- [Stored data]
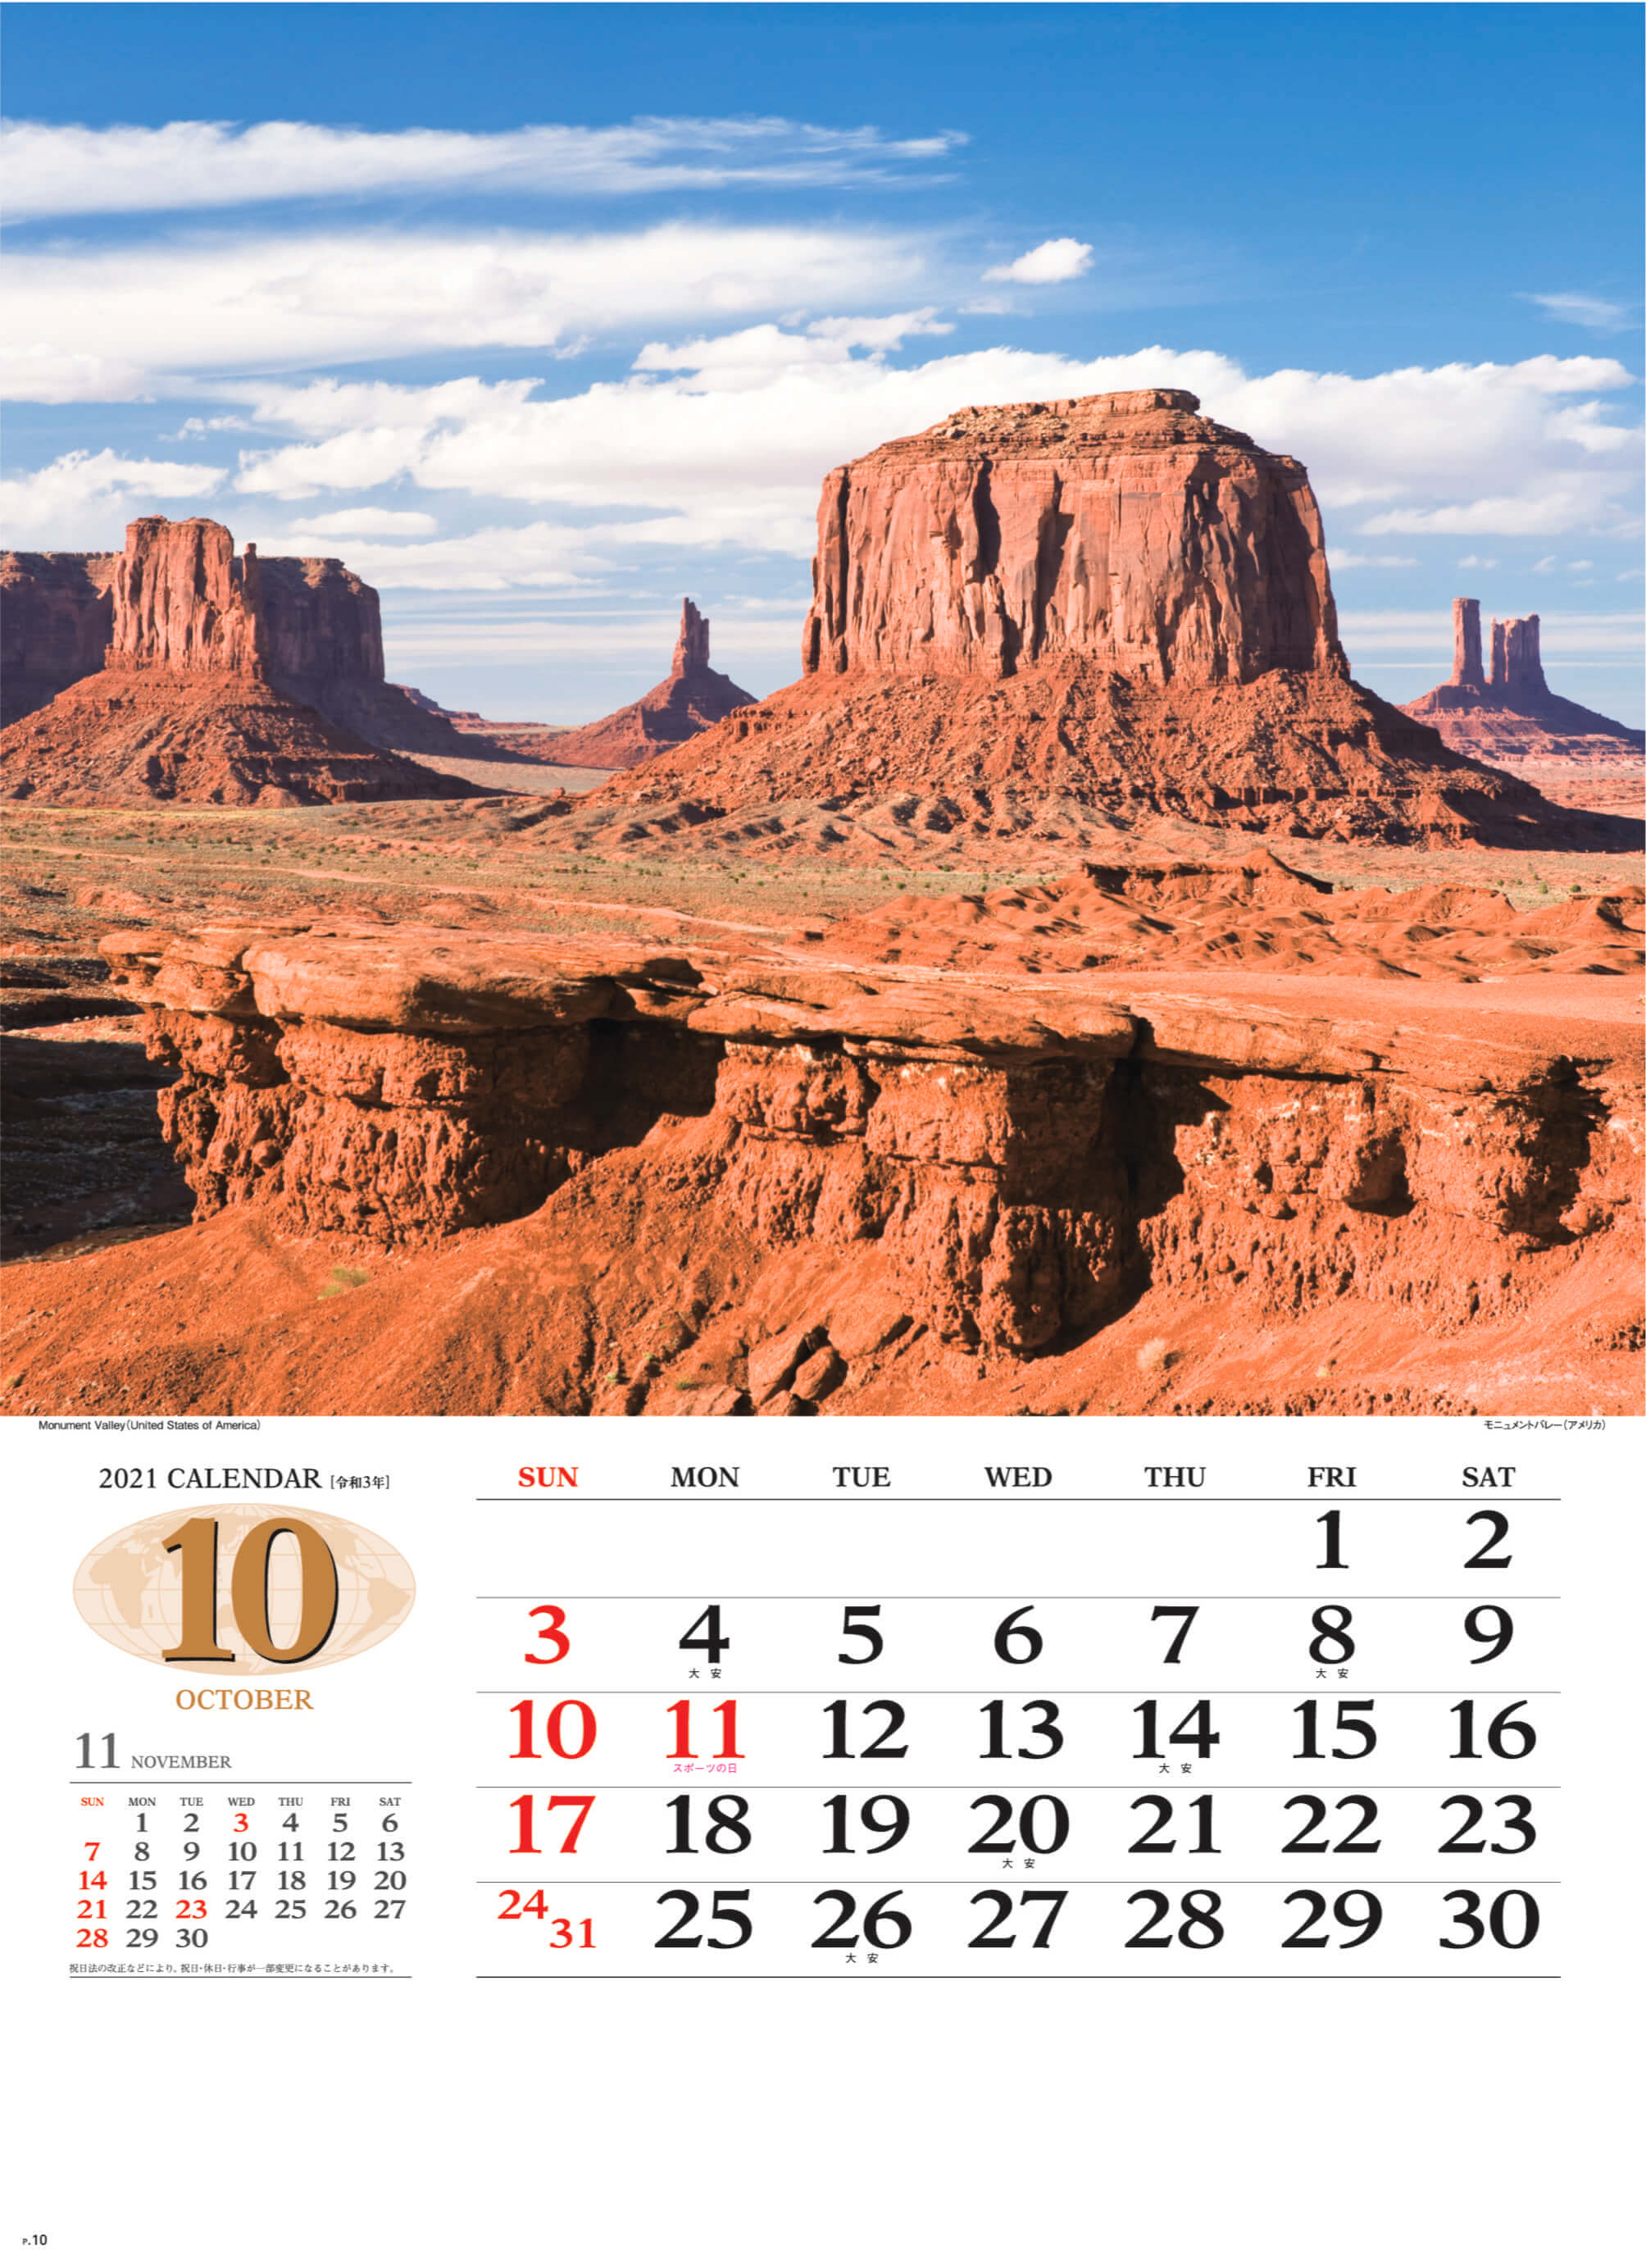 Sg 472 世界の景観 21年カレンダー カレンダーの通販サイト E カレンダー Com 1部からでも送料無料でお届け
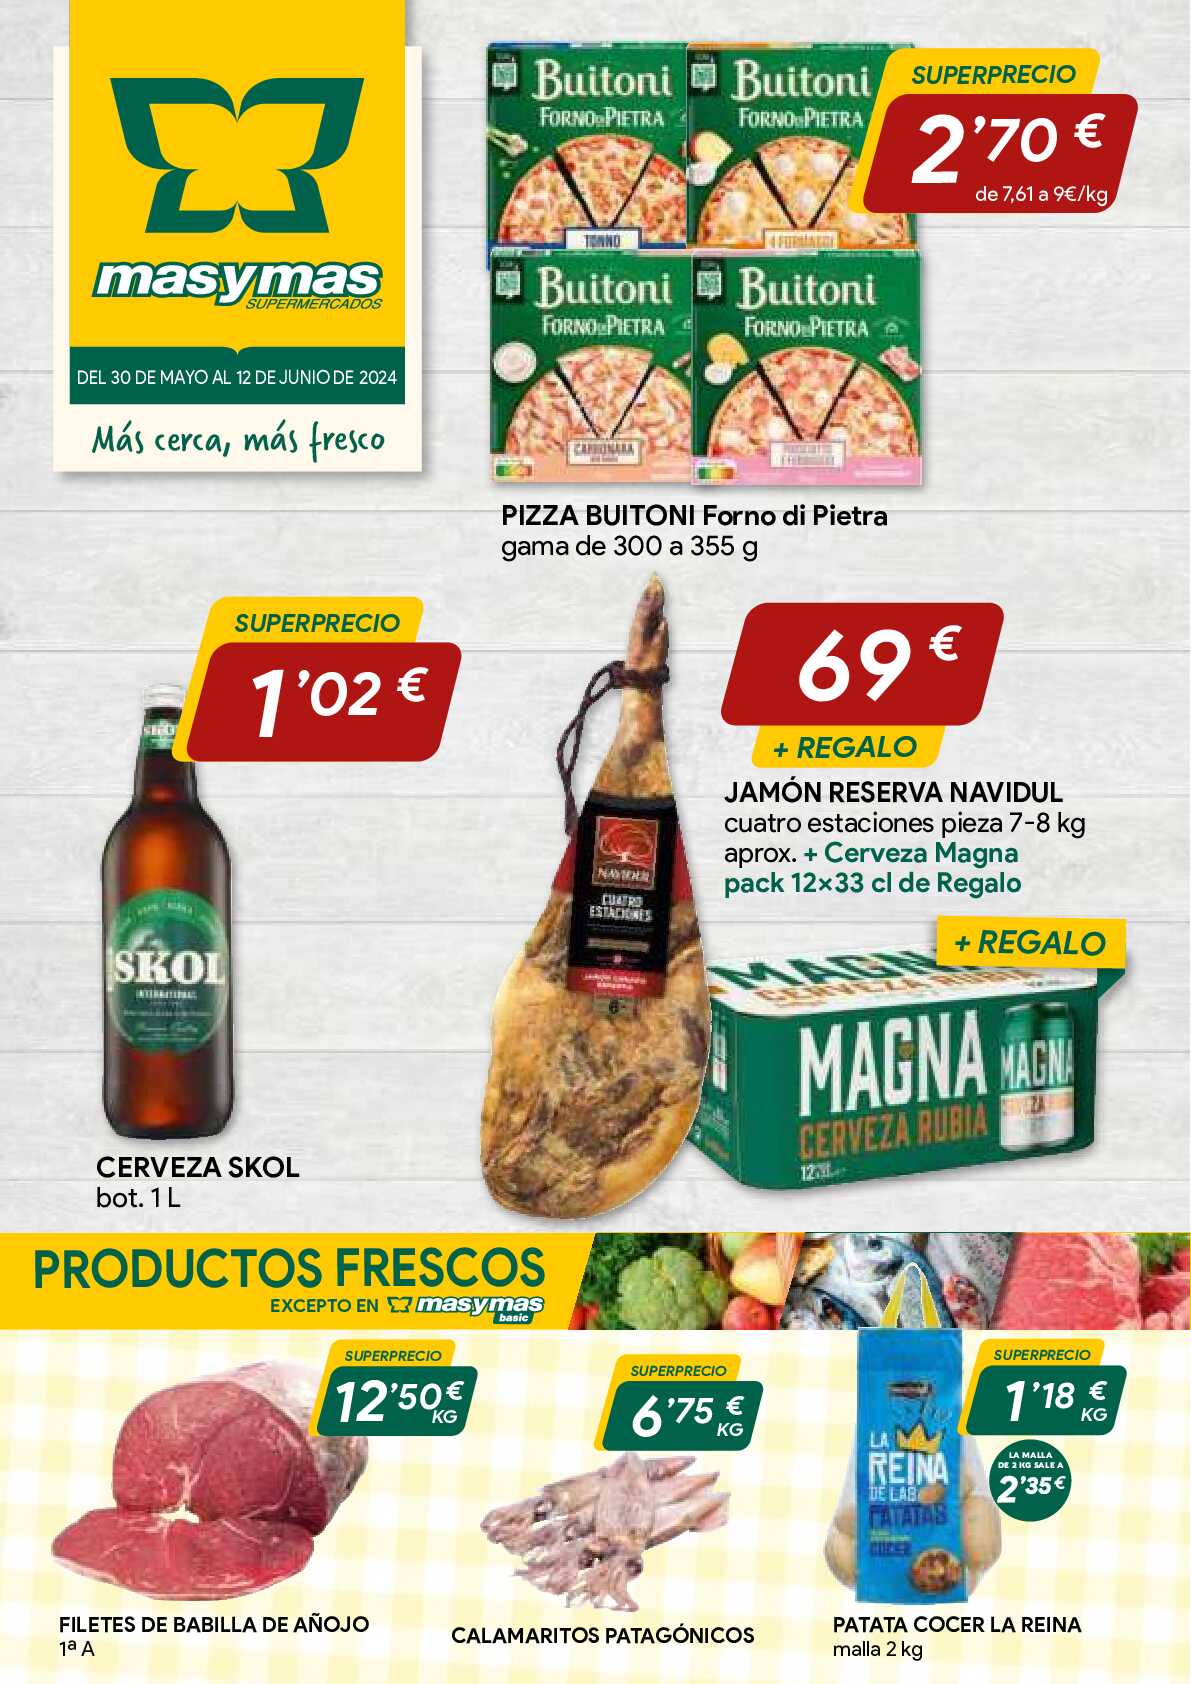 Catálogo de ofertas Masymas. Página 01
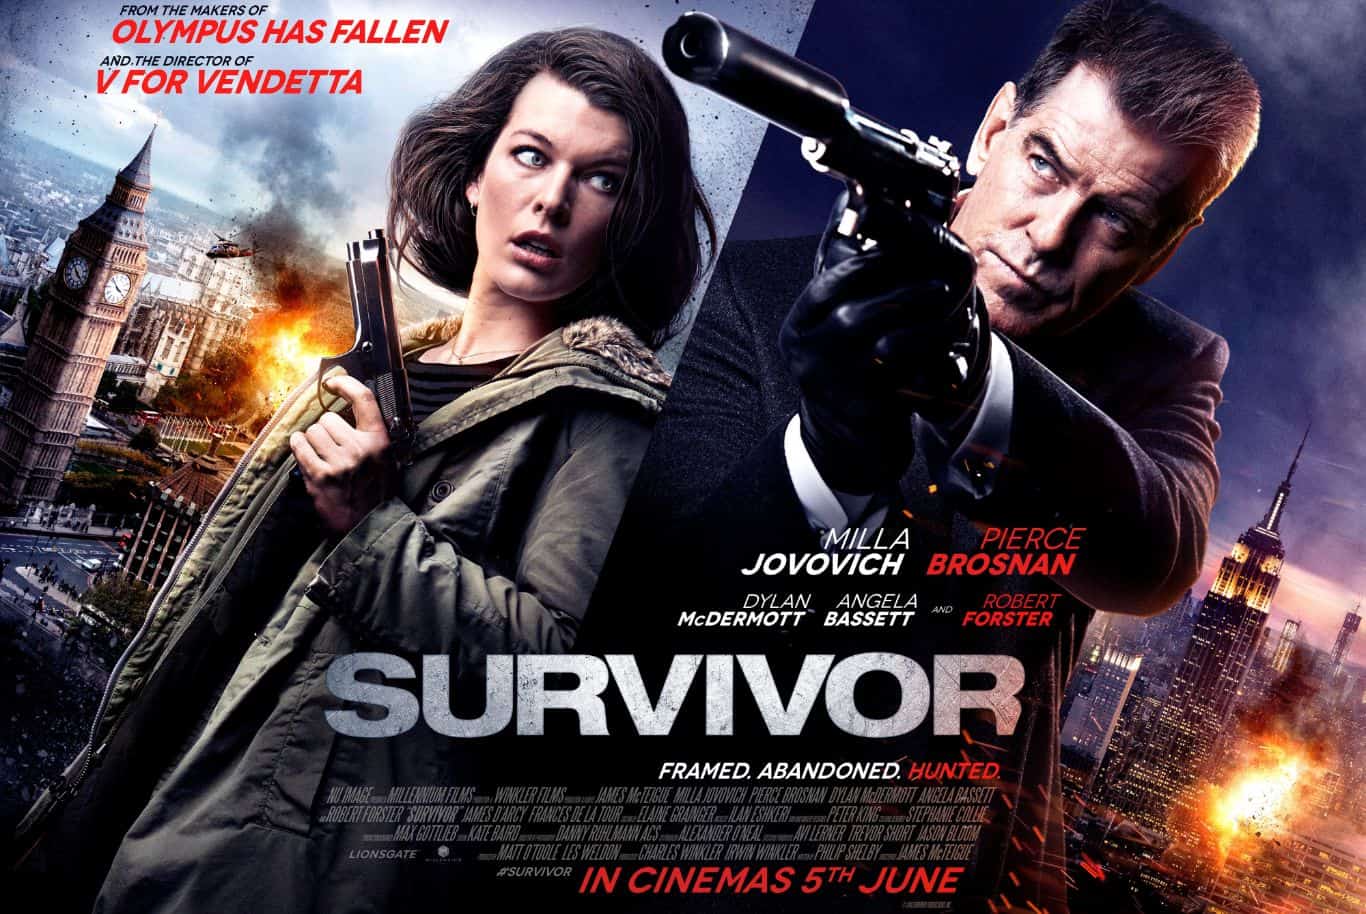 Survivor (2015) Bluray Google Drive Download
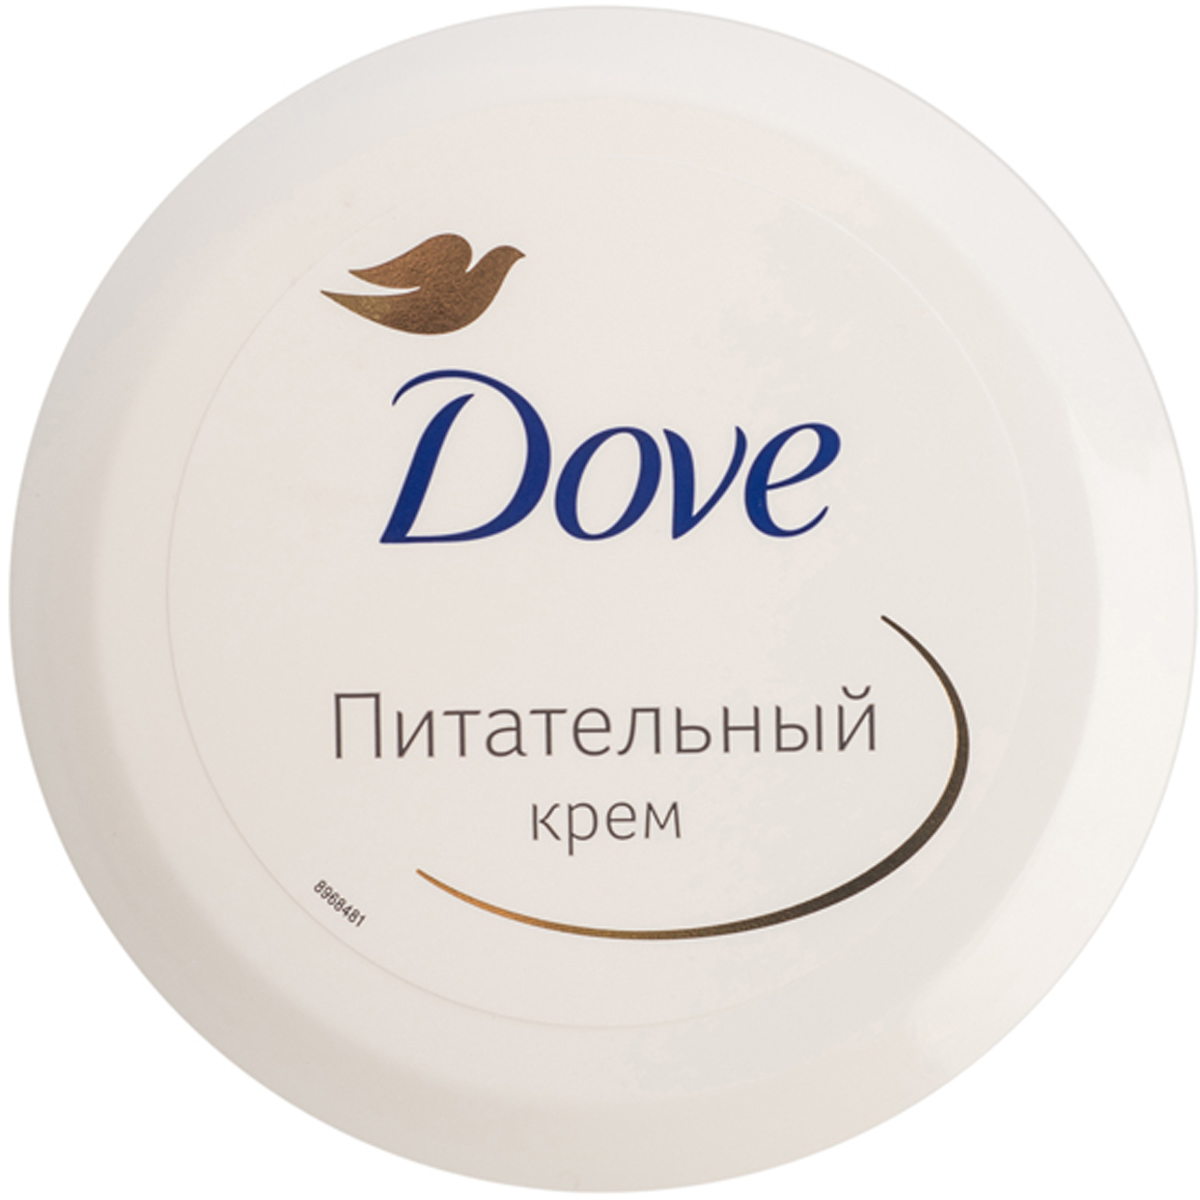 заказать и купить Dove Крем для тела Питательный 75 мл

- [Problem description]
Restate the listing word for word, pictures omitted.

- [Written solution]
 Sg 472 世界の景観 21年カレンダー カレンダーの通販サイト E カレンダー Com 1部からでも送料無料でお届け
 Catálogo de ofertas Masymas. Página 01
 Survivor (2015) Bluray Google Drive Download
 заказать и купить Dove Крем для тела Питательный 75 мл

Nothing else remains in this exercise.